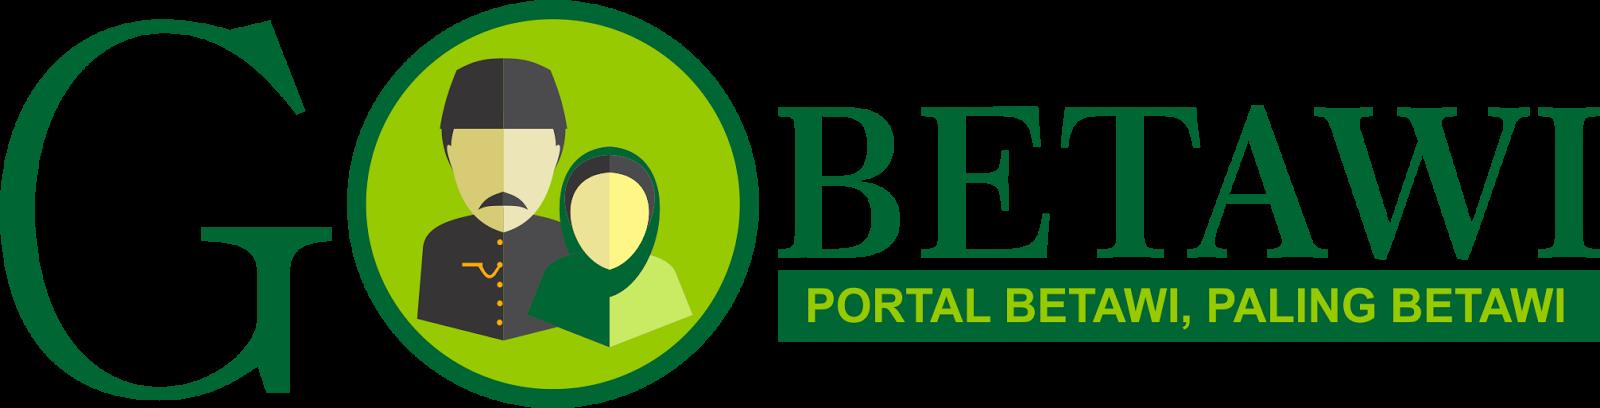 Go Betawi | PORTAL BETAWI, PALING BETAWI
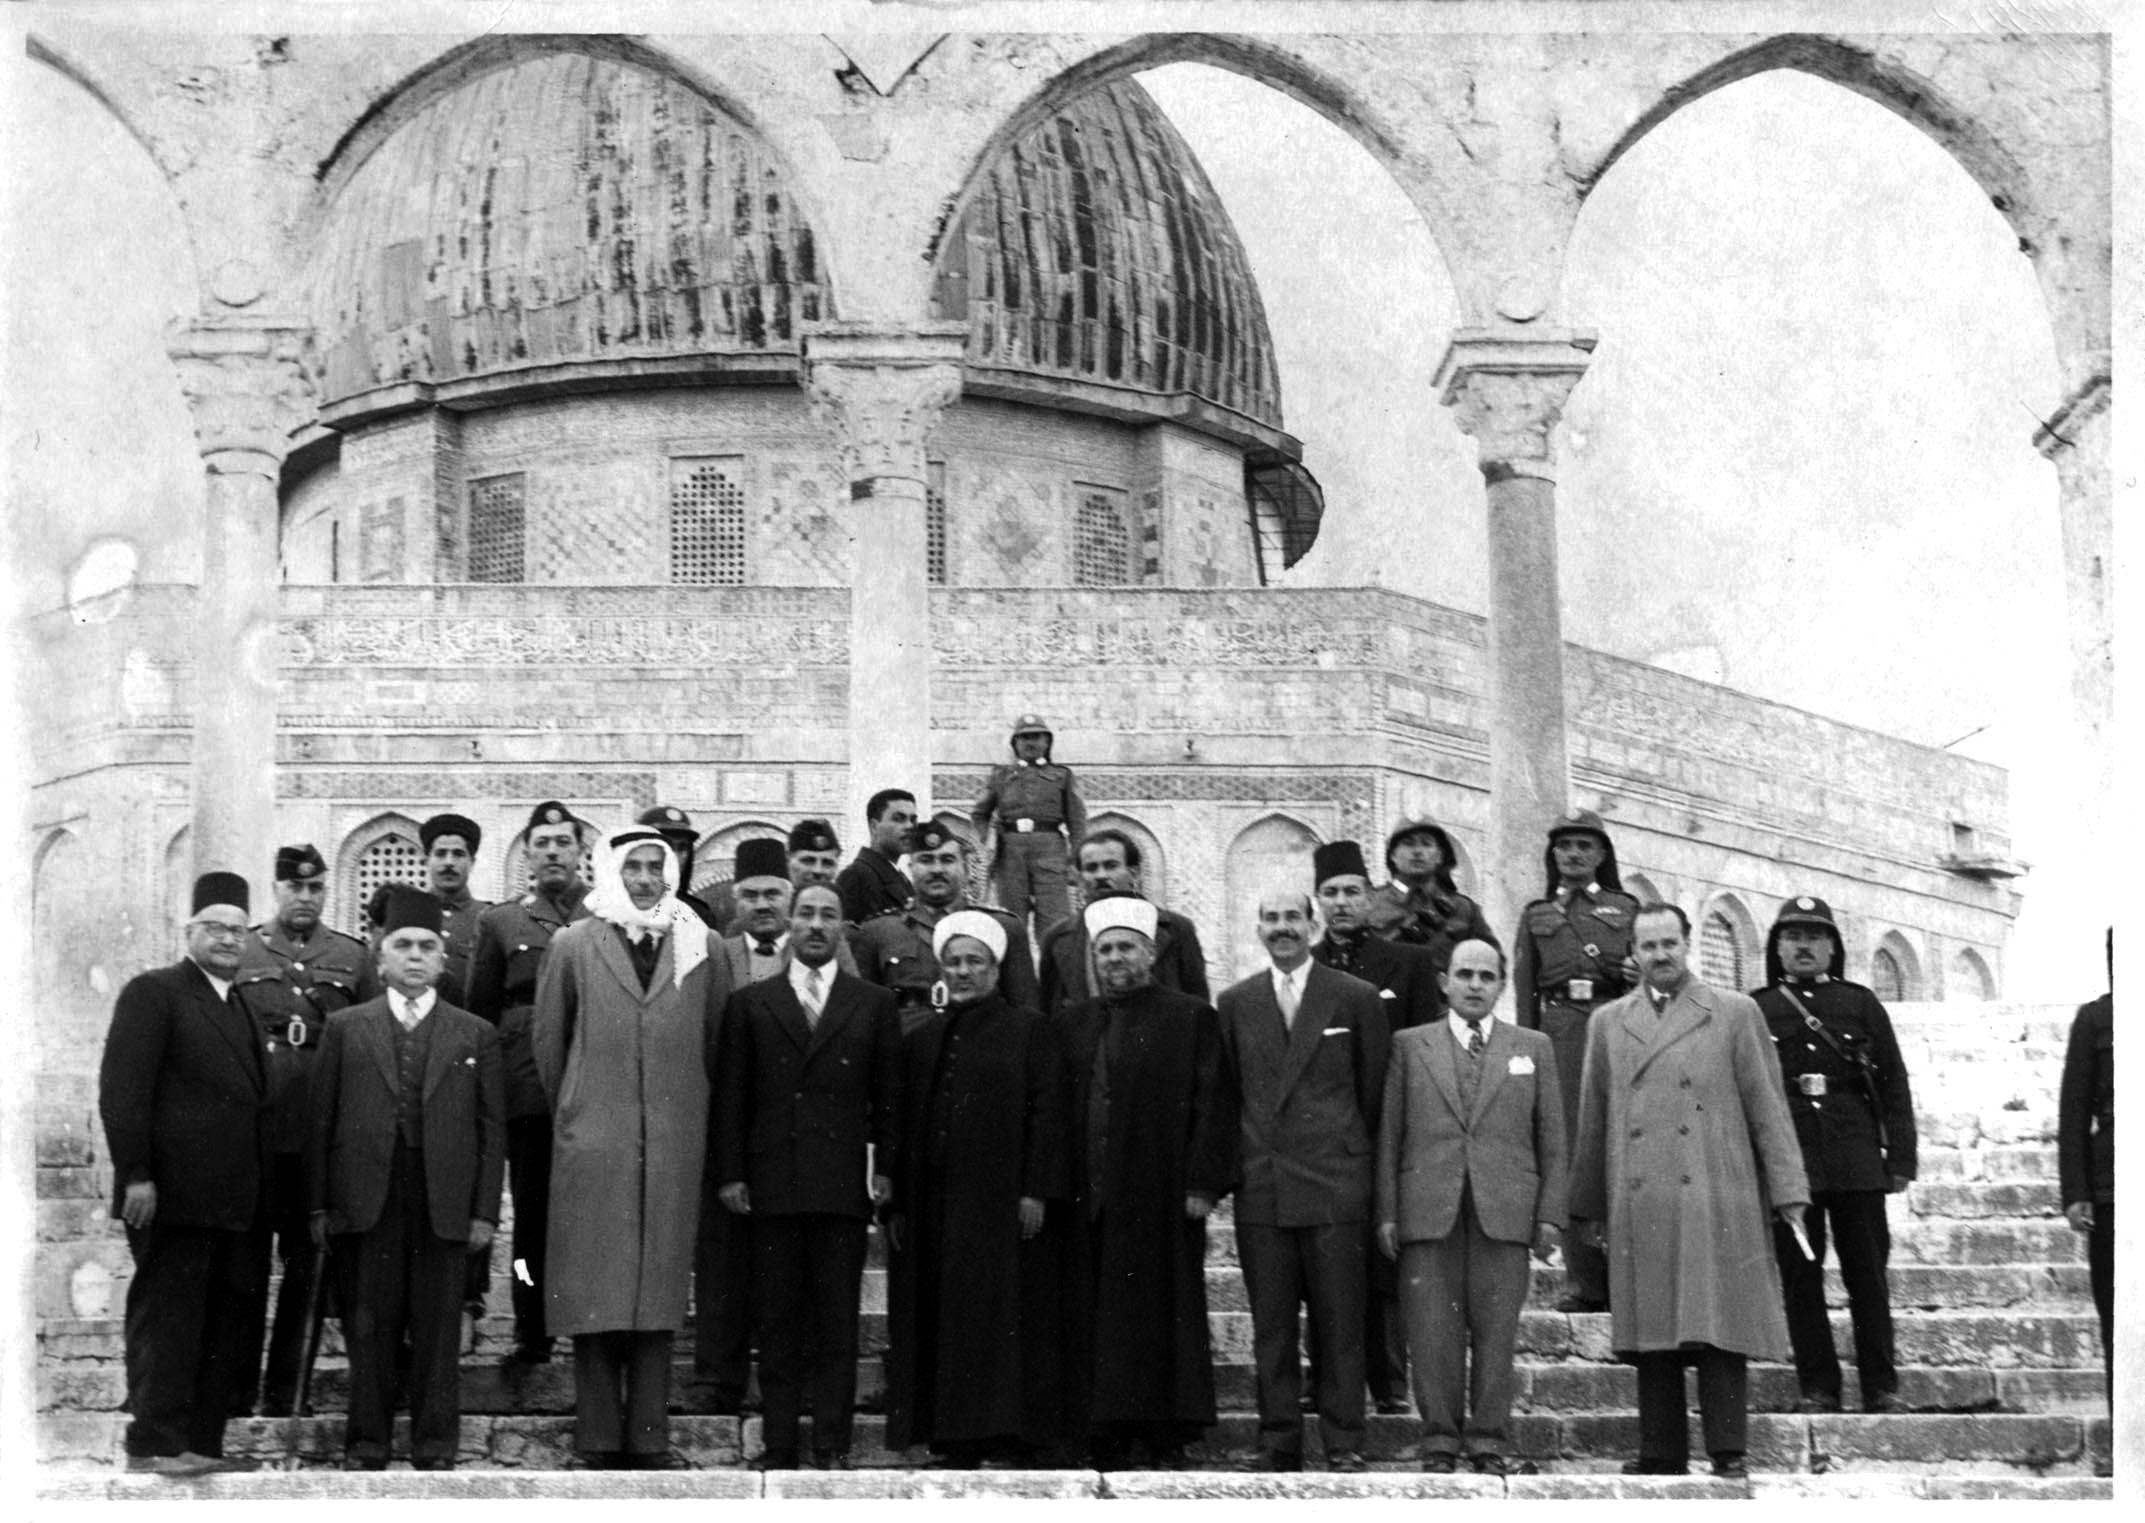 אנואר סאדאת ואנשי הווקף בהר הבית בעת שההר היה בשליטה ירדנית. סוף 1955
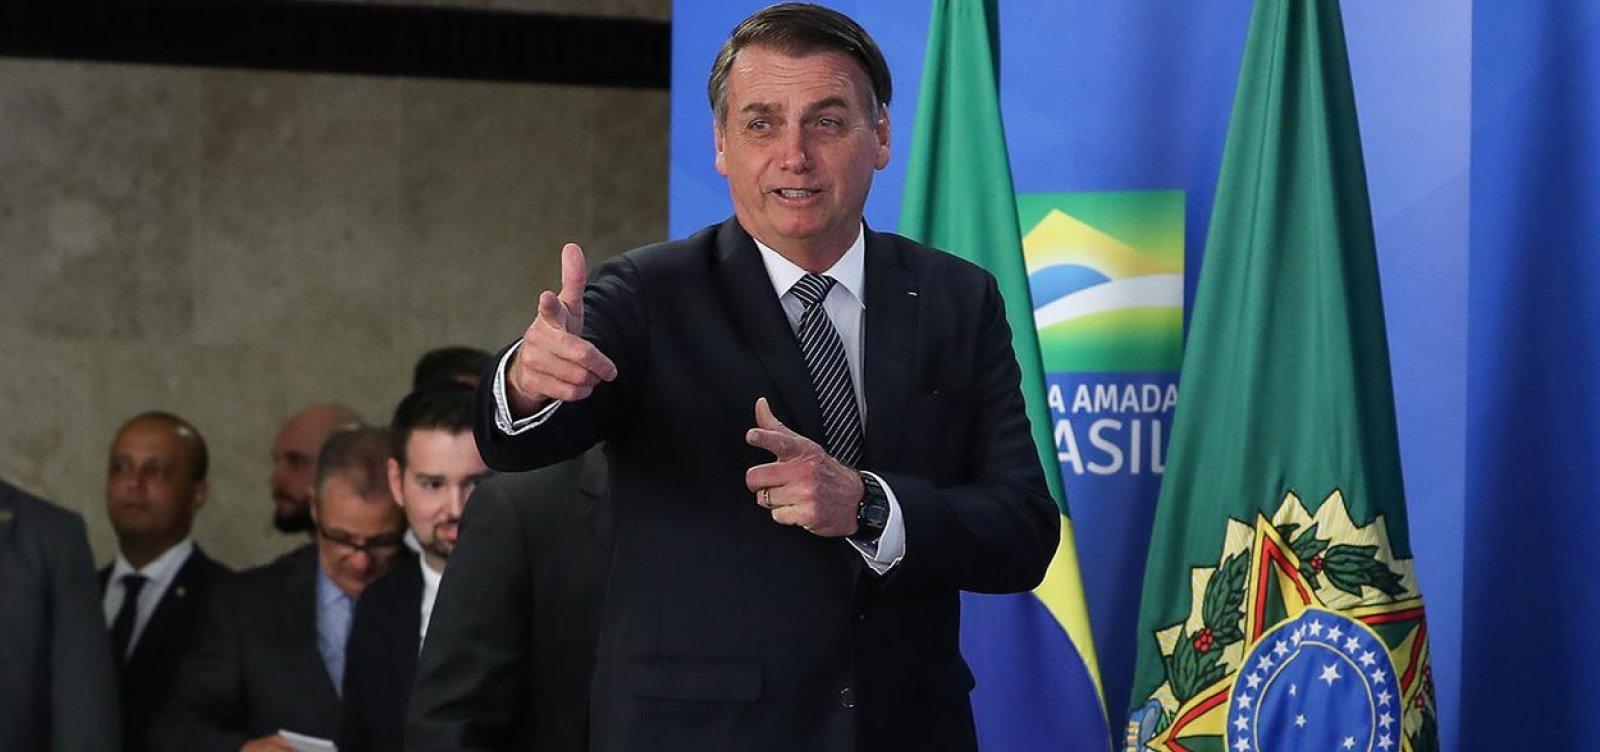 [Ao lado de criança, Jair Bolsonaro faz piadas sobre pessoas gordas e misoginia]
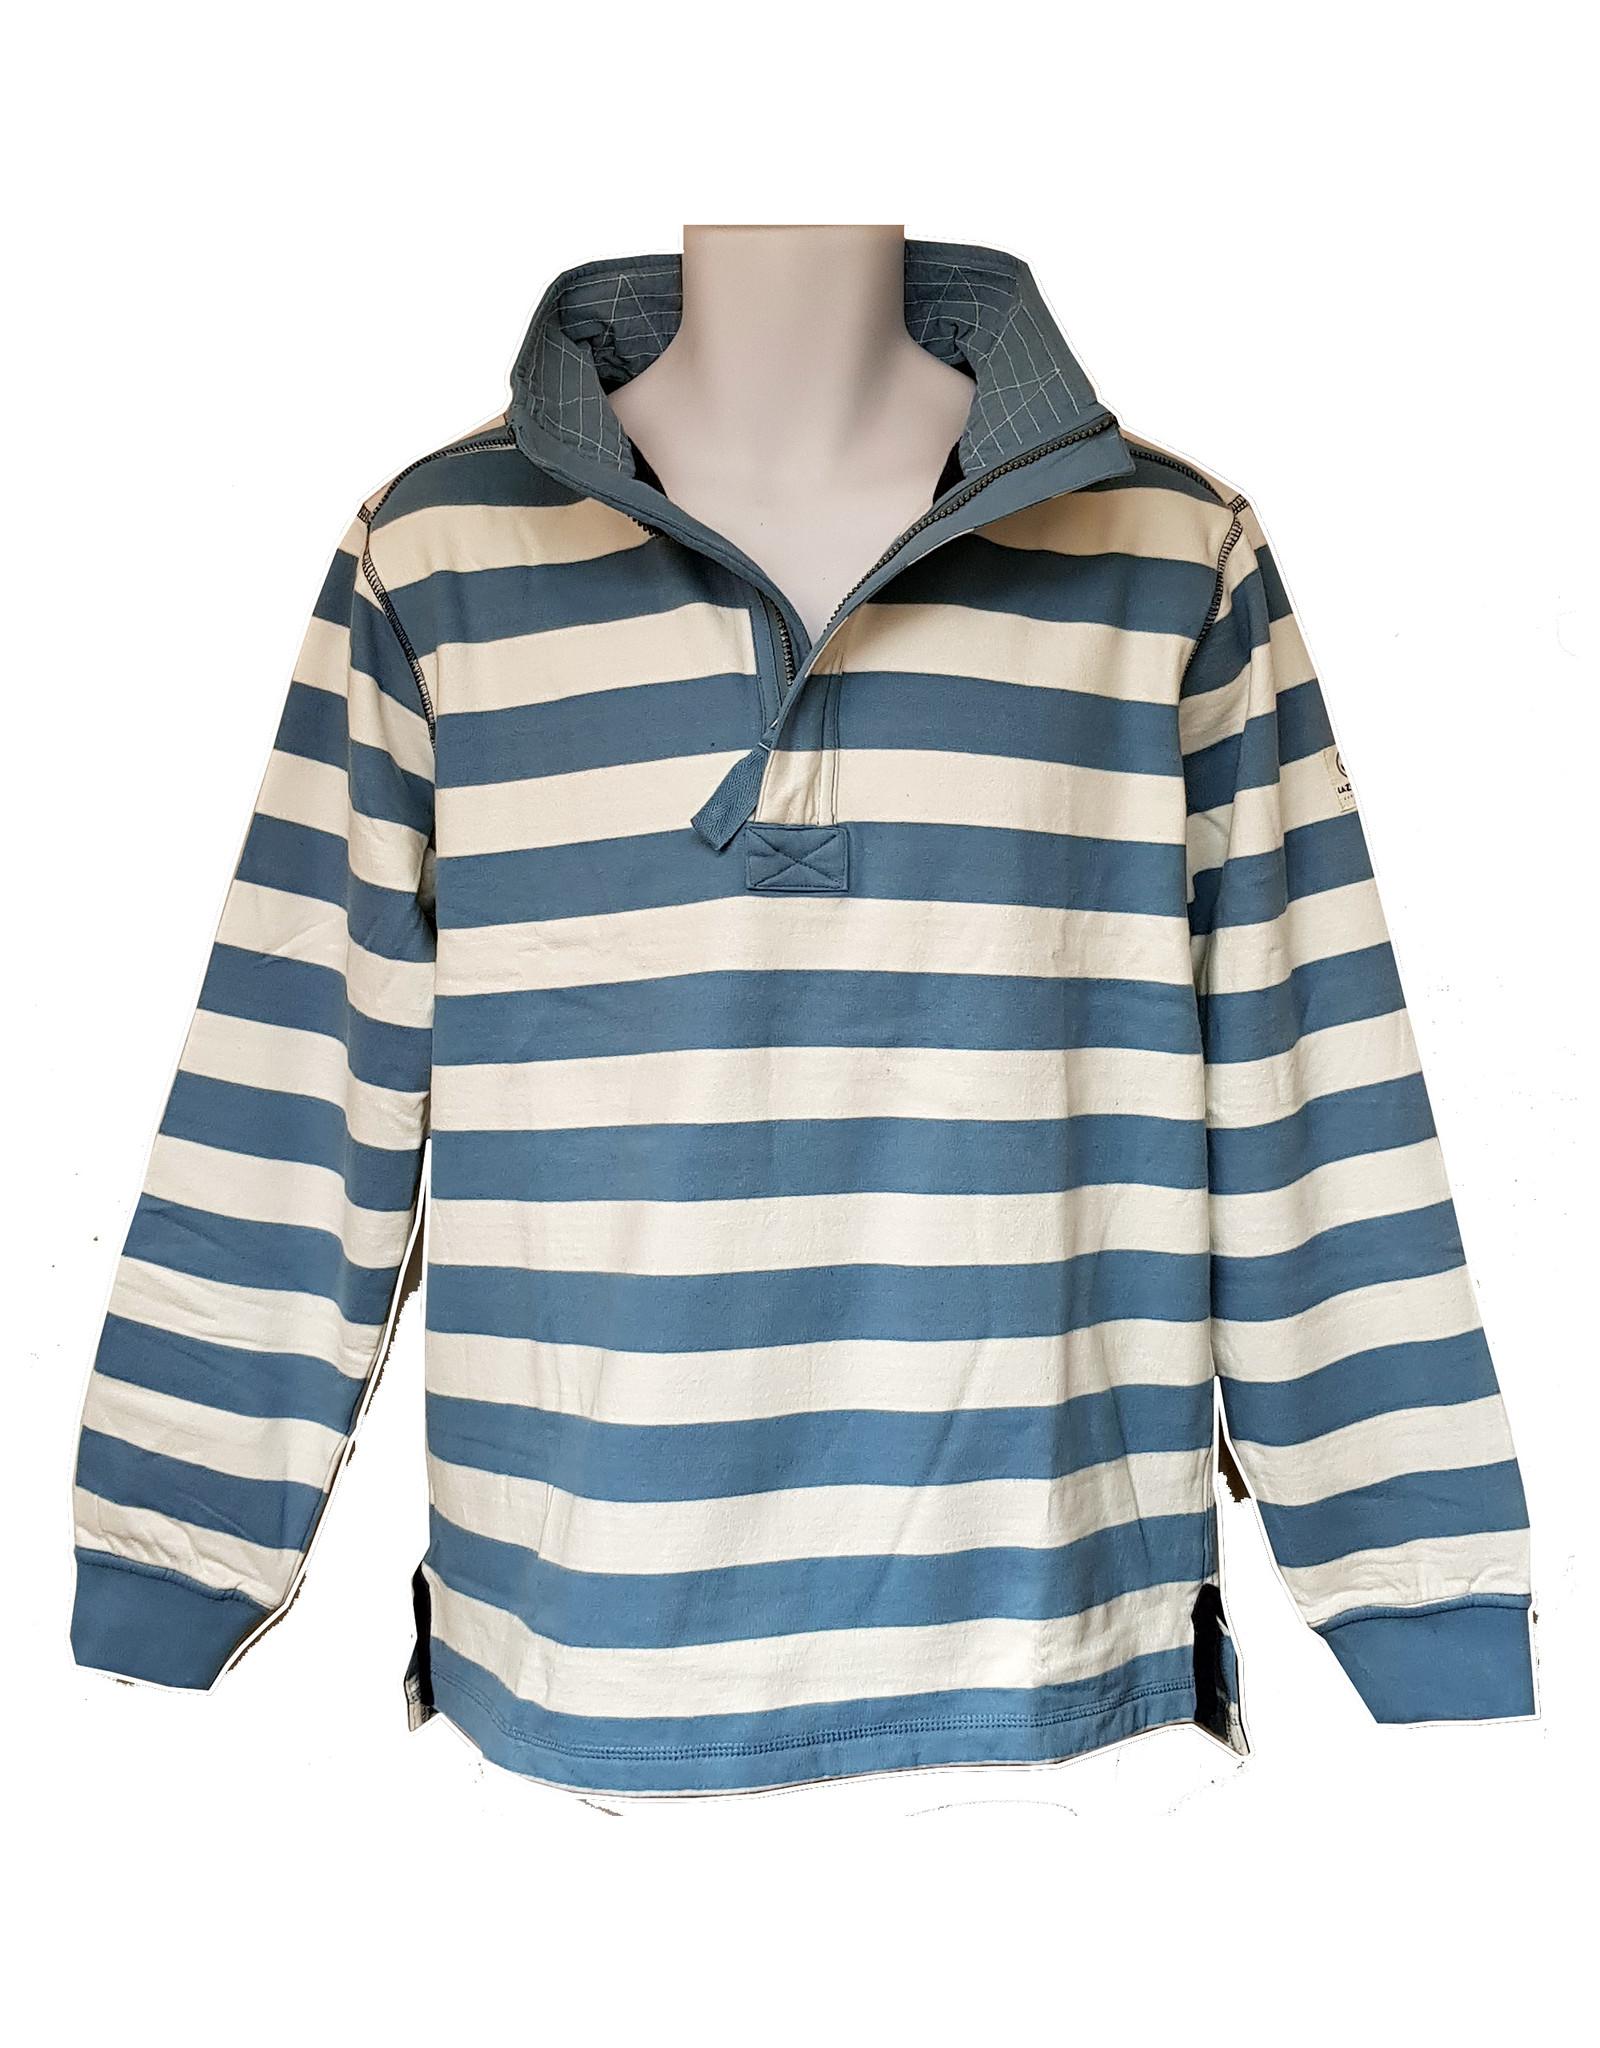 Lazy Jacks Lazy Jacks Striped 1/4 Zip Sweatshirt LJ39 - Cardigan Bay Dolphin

:::::

ASSIGNED TASK —
Please return the lines from the line with "אנואר סאדאת ואנשי" through the last line of the data, both included, exactly, and without pictures.

RESULT OF THIS TASK —
 אנואר סאדאת ואנשי הווקף בהר הבית בעת שההר היה בשליטה ירדנית. סוף 1955
 [Ao lado de criança, Jair Bolsonaro faz piadas sobre pessoas gordas e misoginia]
 Lazy Jacks Lazy Jacks Striped 1/4 Zip Sweatshirt LJ39 - Cardigan Bay Dolphin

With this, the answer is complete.